Regarding WORDSNET-20379, we have completed the analysis of this issue but I am afraid, because of complexity, the implementation of the fix of this issue has been postponed till a later date. There are no estimates available at the moment. We will inform you via this thread as soon as this issue will get resolved in future. We apologize for your inconvenience.

@awais.hafeez Do you have any updates?

@DevD2020,

I am afraid, WORDSNET-20379 is not resolved yet and there is no further news about this issue. This is a complex issue and because of that the implementation of this issue has been postponed. Also, there is no ETA available at the moment. We apologize for your inconvenience.

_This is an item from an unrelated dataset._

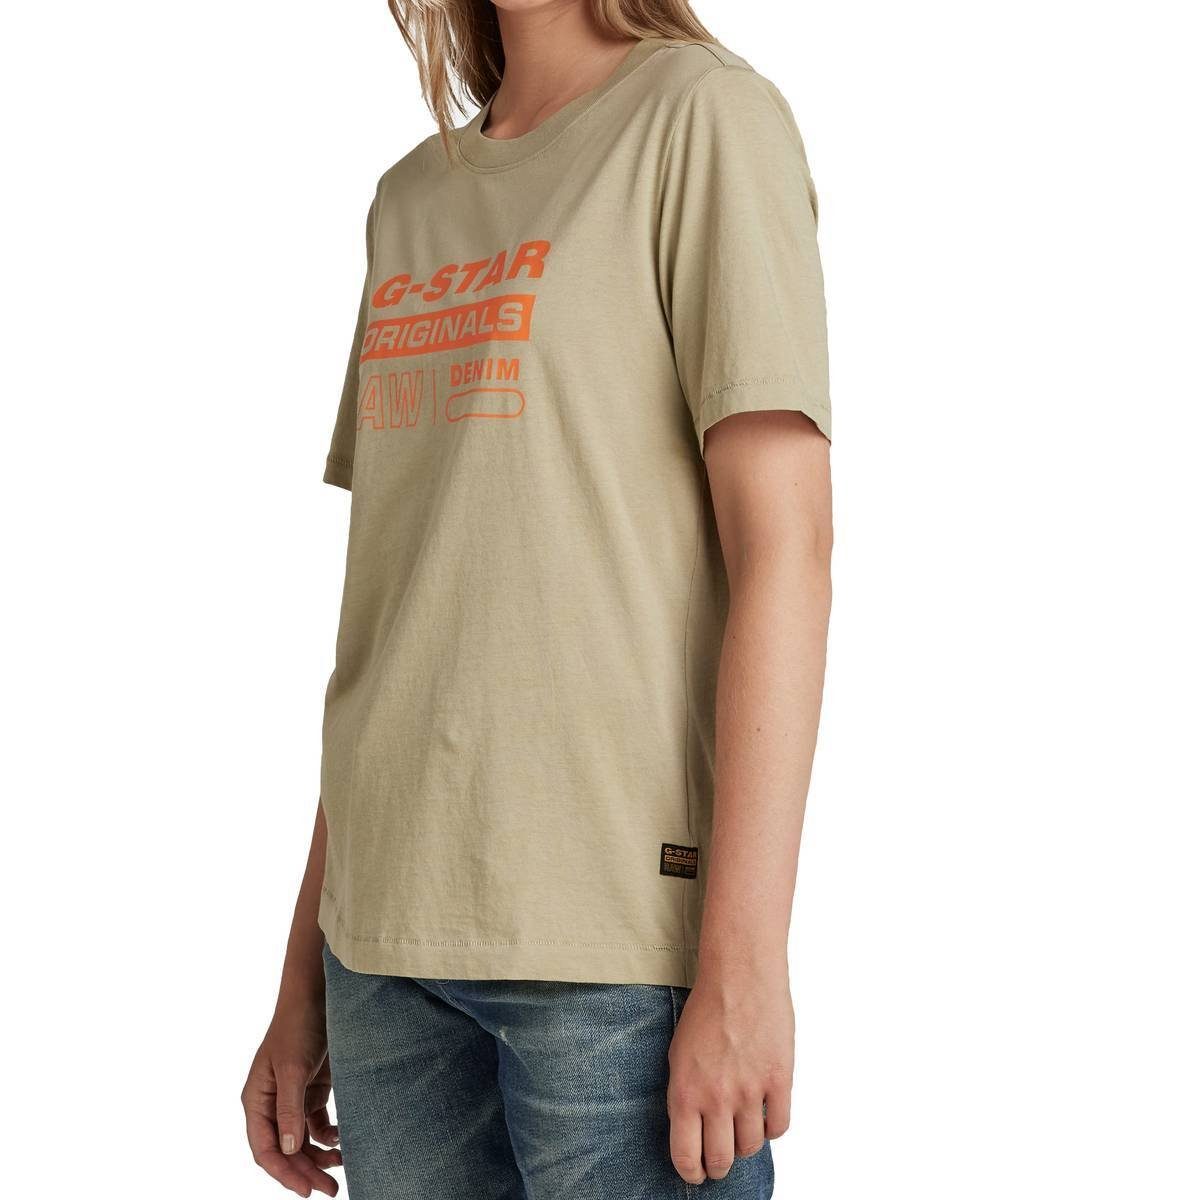 Damen T-Shirt Moos) Label Grün Regular G-Star RAW Originals (lt - Fit T-Shirt

Hi Awais - Is there any updates on this issue?

@DevD2020,

The issue actually depends on the resolution of an internal extremely complex issue (WORDSNET-832). Therefore, WORDSNET-20379 is postponed until at least WORDSNET-832 is resolved, we will review your issue after the resolution of WORDSNET-832. Unfortunately, there is no ETA available at the moment. We will inform you via this forum thread as soon as this issue will get resolved or any further updates may be available in future. We apologize for your inconvenience.

The issues you have found earlier (filed as WORDSNET-20379) have been fixed in this Aspose.Words for .NET 23.10 update also available on NuGet.